Elastic Observability employs Elastic APM for performance and latency analysis, significantly aiding business KPIs and technical stability. It is popular among users for system and server monitoring, capacity planning, cyber security, and managing data...
Elastic Observability correlates different sources and teams to provide a single, unified, achievable goal for businesses. We offer Elastic Observation and security as part of our managed services to our customers.
We have our workload in the cloud, and we take the data from the workload, put it in a data lake, and then analyze it. We keep track, build down anomalies, and so on.
I use Elastic more for monitoring integration. For instance, I have OpenShift tools implemented in my company, and I have some workloads to integrate, expose APIs, and perform transformations from a source to the target application. I am using Elastic to monitor integration capabilities and track messages.
Most of the time, we use it for security, cyber security, and monitoring tools. We add monitoring to it, mostly on-premises. It won't be on the cloud.
We use the solution to collect logs. It also helps us with application performance monitoring. We use it for centralized logs and visualizing them with Grafana.
Our clients use the product for monitoring and alerting.
As we have access to all the features offered by Elastic Observability, we utilize it for APM, to provide support and manage our infrastructure, and even leverage it for our CRM needs.
We use the product to monitor our infrastructure.
We use Elastic Observability for APM, basically. Right now, it is used only for application performance monitoring. In short, it is only the APM module that Observability is looked upon for by all our customers.
We use Elastic Observability for system monitoring, server monitoring, and application monitoring. I'm working on a project wherein I use the solution for capacity planning.
We are using Elastic Observability for monitoring.
We usually use the solution in our production environment to monitor production on Rancher. I'm a DevOps engineer.
I use this product in projects that we do for other companies. We use the most updated version of the solution. We're using Elastic to get information for several points of observability and several projects and solutions. We're using it broadly in lots of systems. For each solution, we're defining the observability points and the data we want to capture in each point.

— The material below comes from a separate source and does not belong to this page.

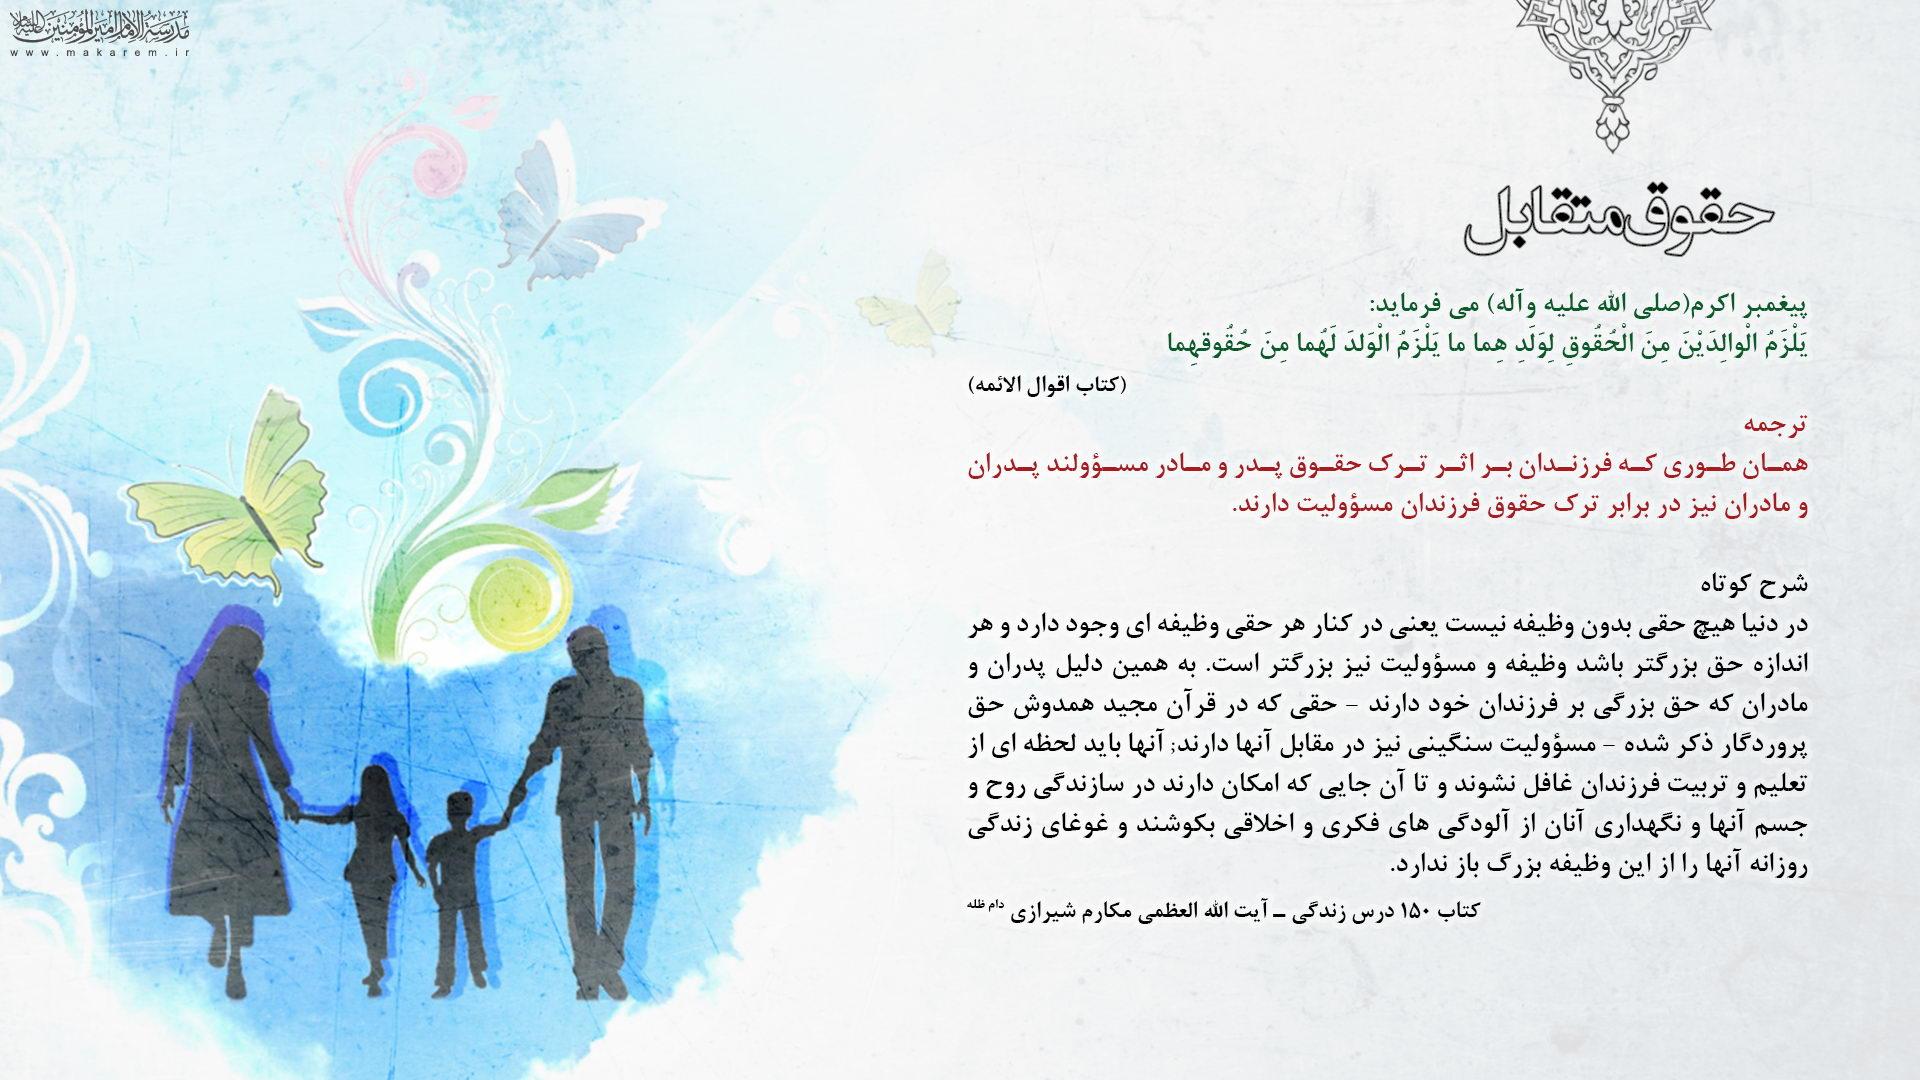 حقوق متقابل-مدرسه الامام امیر المومنین (ع)

We're deploying Elastic as the tool to capture the data in each of these points in these transactions, and then putting that in the database. It allows us to analyze not only the number of transactions and quantities, but also the business content of each payload of the transactions in order to have business KPIs, not just technical KPIs. We have more than 300 data capture points in several systems. This has been used by an IO monitoring team. We have two types of users: technical guys that are monitoring the stability of the systems where this tool is used, to see if we are having issues on the operation. This is the IO management team, and there are around 40 users. The second category is people related to business that are actually using this to capture business information, like the amount of transactions, credit sales, the average value of each operation, and things like that. In that sense, there are about 100 people looking at business dashboards. The use is much heavier with the first group. They are tuning systems and deploying new data capture points, etc. Although there are more people in the second group, they are using it more to get the information and use it for tech and business decisions, but they are not heavy users in that sense.
We are using Elastic APM primarily for central logging.
We basically use Elastic APM for our metrics to look at our performance. Whenever people say that there's a latency of more than a certain amount, then we just open this APM and see why exactly the latency is high. We can choose that data set, and then we can go deeper.
We use it for monitoring the application performance and development.
The primary use case for our organization is handling login events. We also utilize it for some big data use cases.